*YOUR TASK*: The reply should reproduce every line of the data below word for word, minus any images.

*DATA SECTION*:
>>>>>

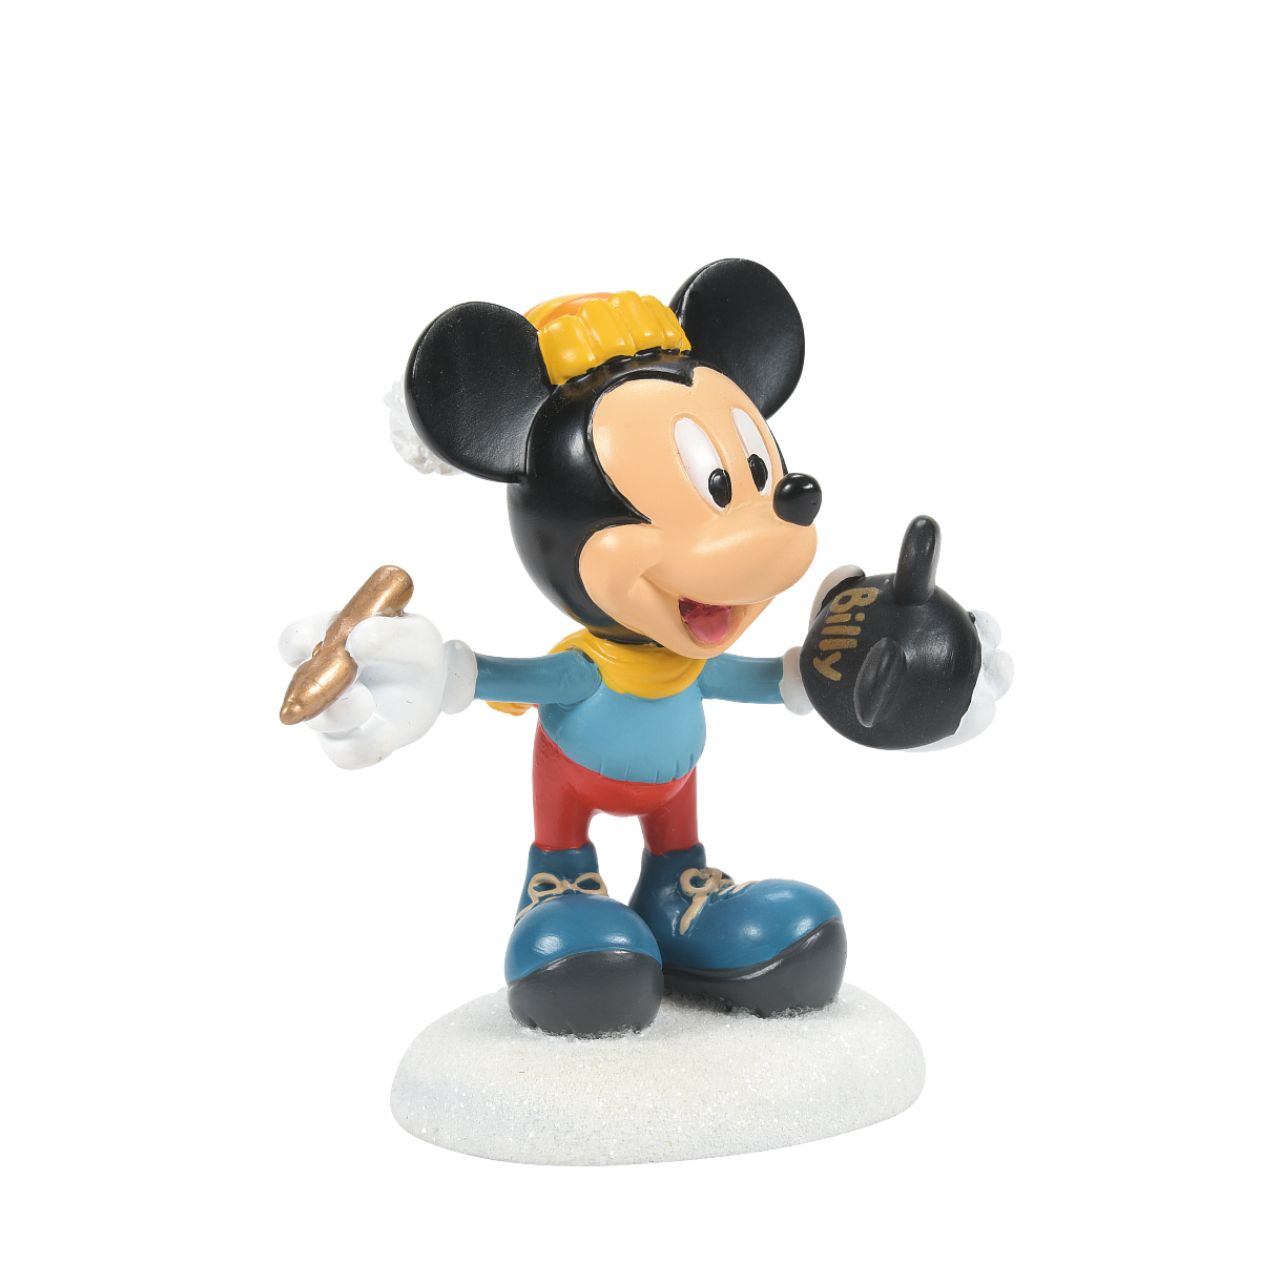 Disney Mickey's Finishing Touches Figurine  The iconic Mickey Mouse is here to add his flair to his Ear Hats. You can see him add a name in his special gold pen and we know this will be a treasured gift. Made from high quality cast stone before our skilled artists hand paint each intricate detail into place.
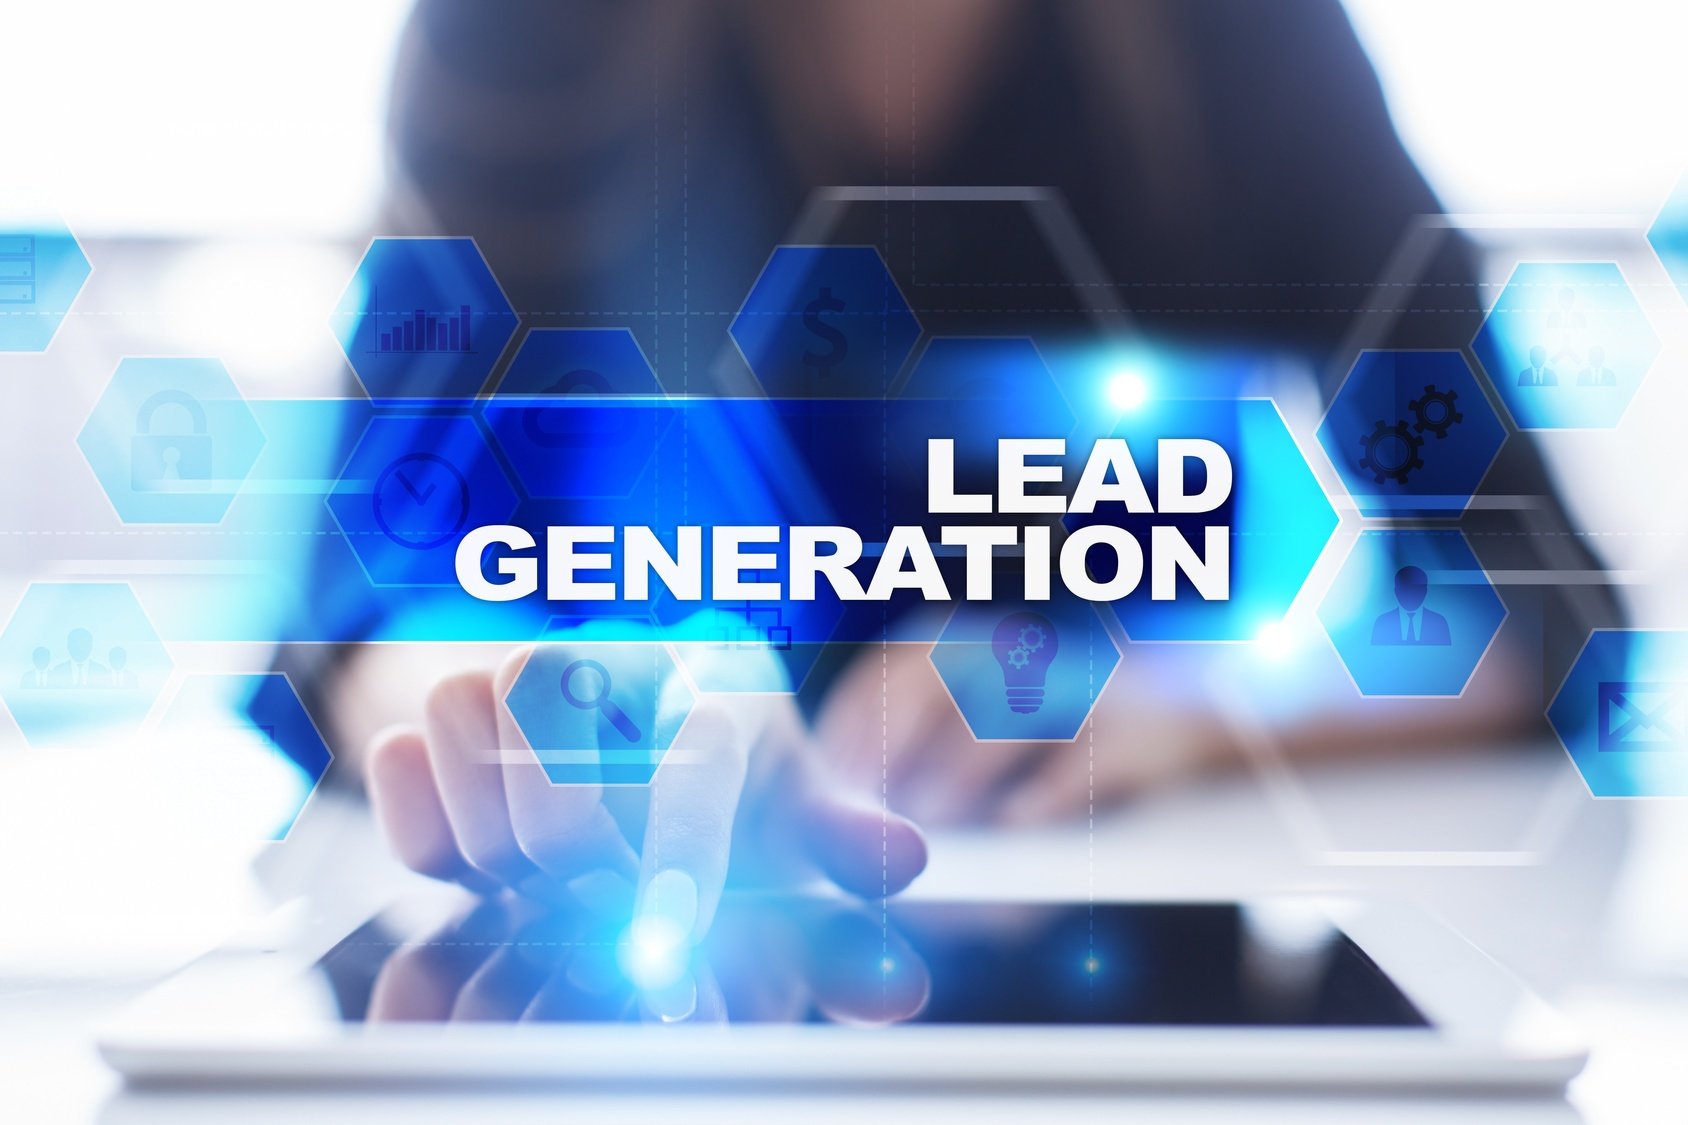 What to look for when choosing a Lead Generation Agency - MyVenturePad.com
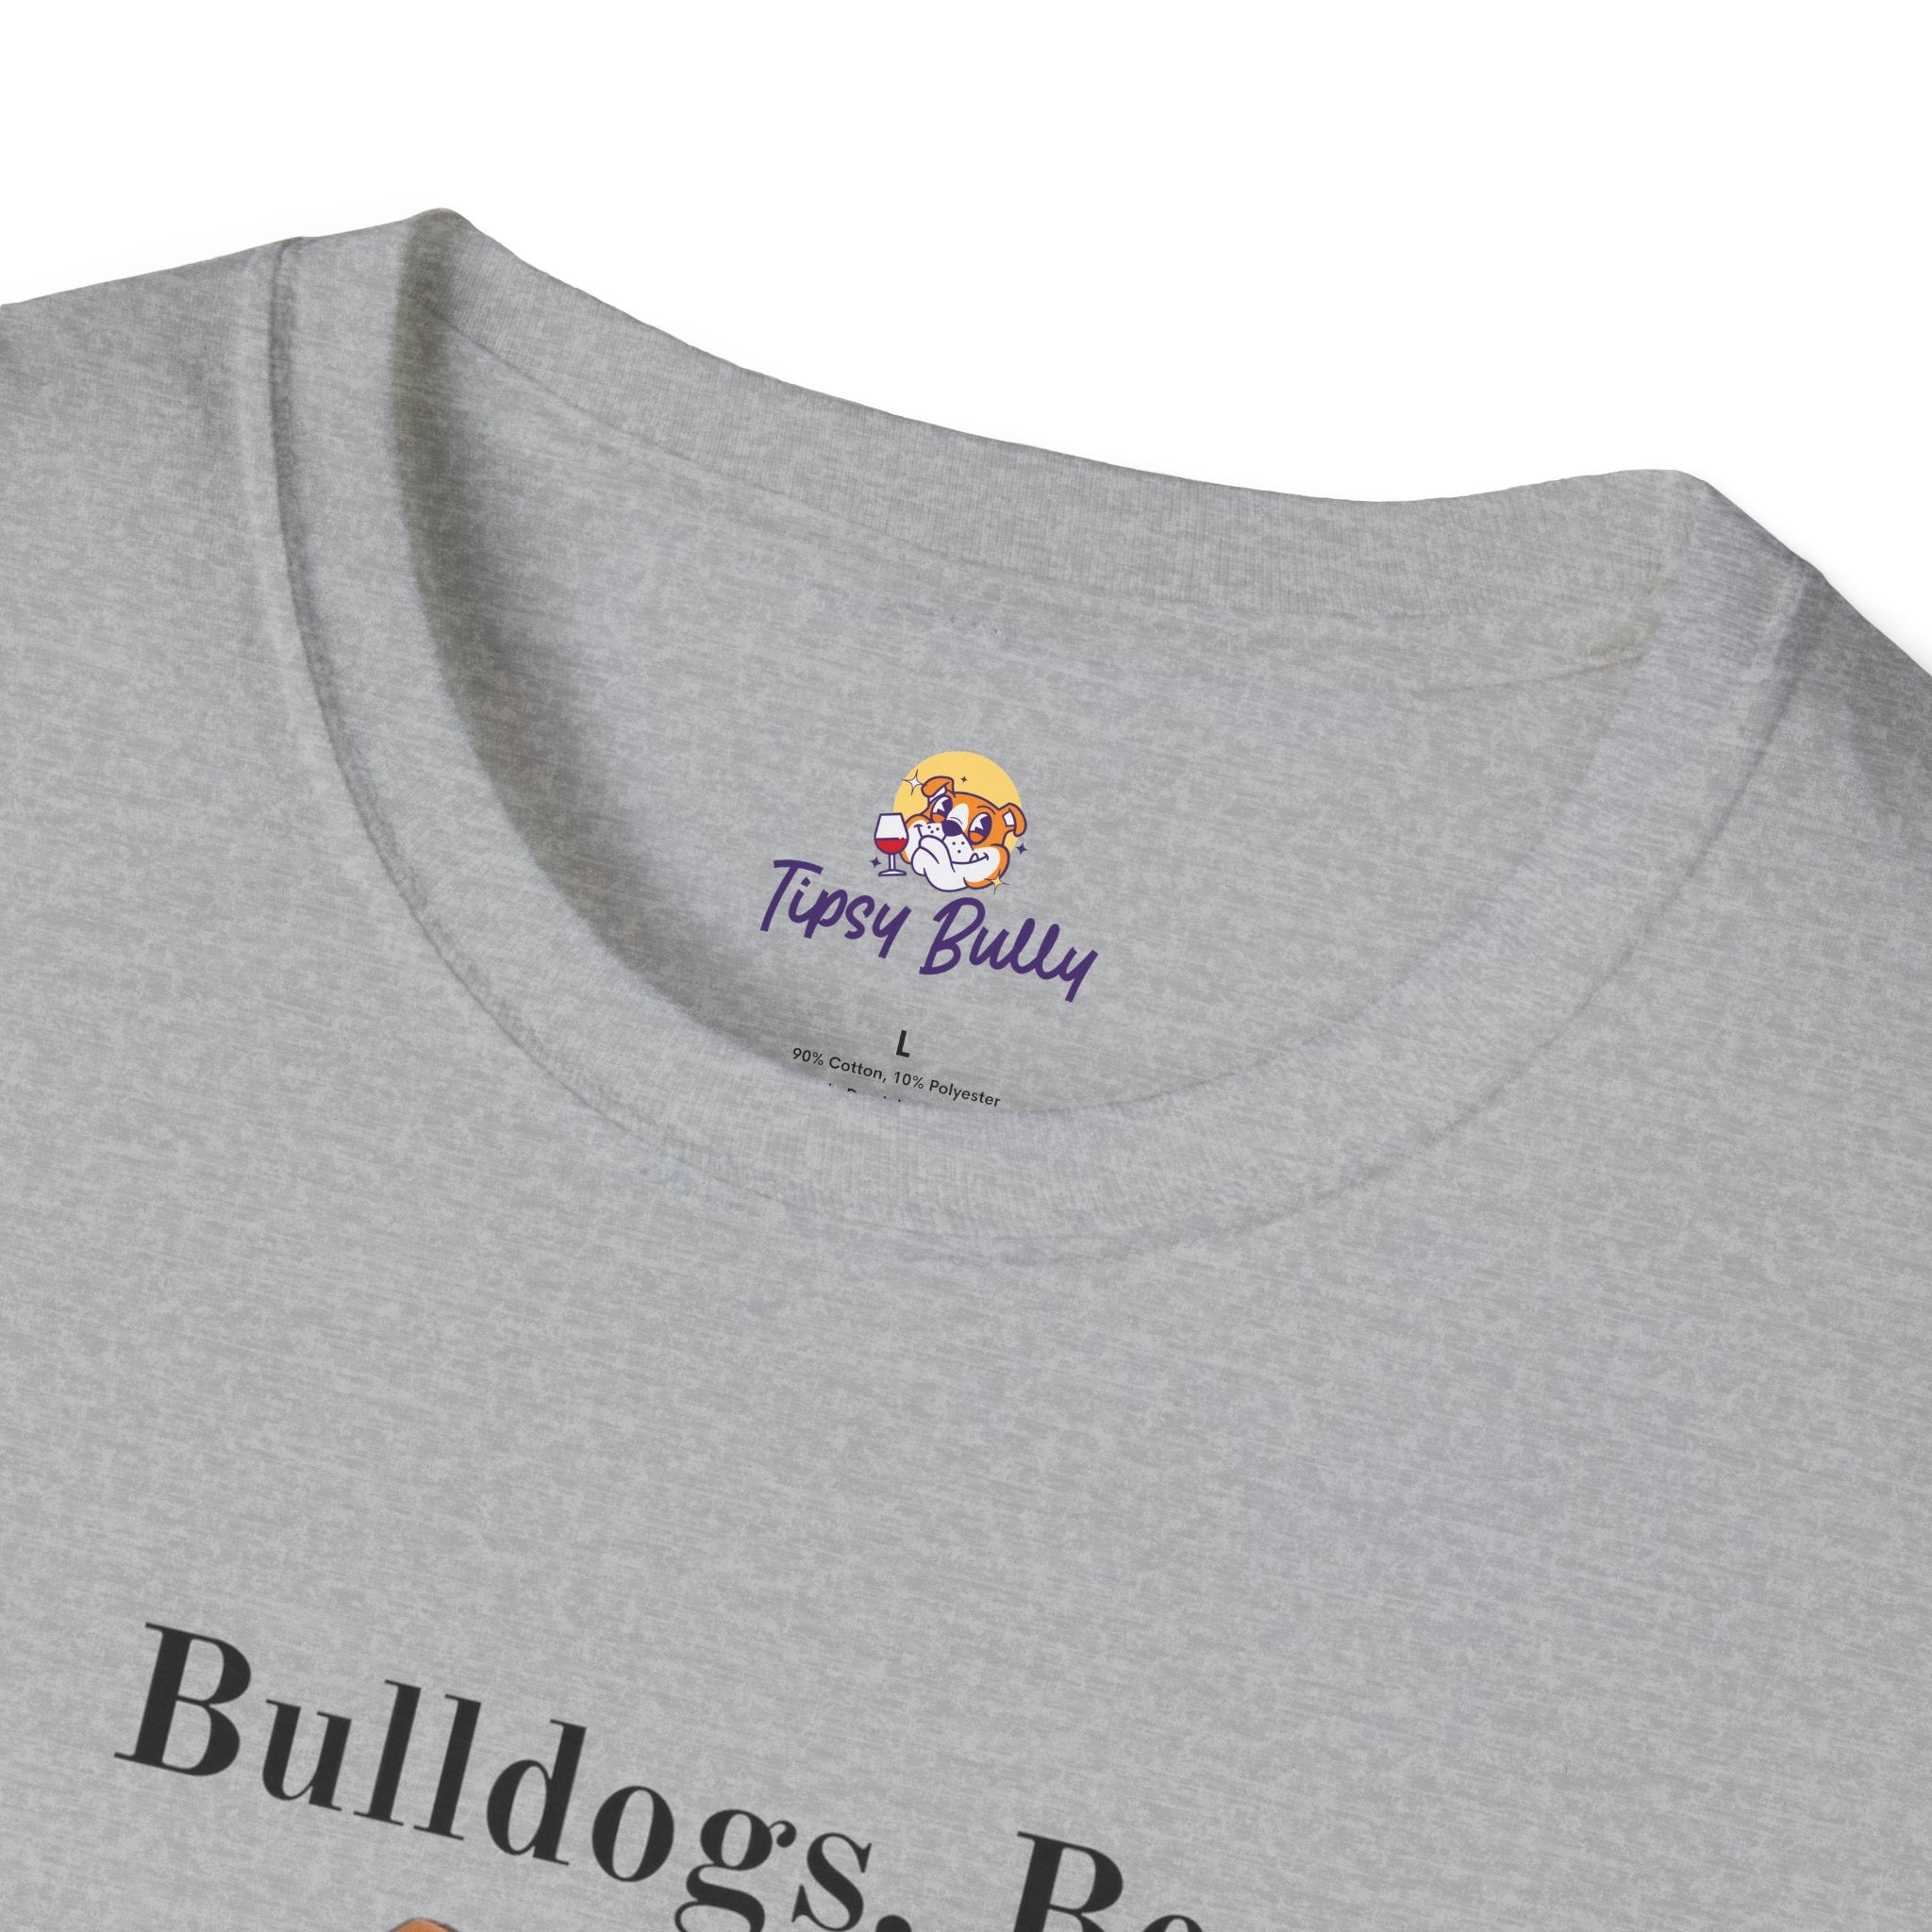 Bulldogs, Beer, and Bad Decisions" Unisex T-Shirt by Tipsy Bully (American/White)

<<<<<

*EXERCISE OUTPUT*:
 Disney Mickey's Finishing Touches Figurine  The iconic Mickey Mouse is here to add his flair to his Ear Hats. You can see him add a name in his special gold pen and we know this will be a treasured gift. Made from high quality cast stone before our skilled artists hand paint each intricate detail into place.
 What to look for when choosing a Lead Generation Agency - MyVenturePad.com
 Bulldogs, Beer, and Bad Decisions" Unisex T-Shirt by Tipsy Bully (American/White)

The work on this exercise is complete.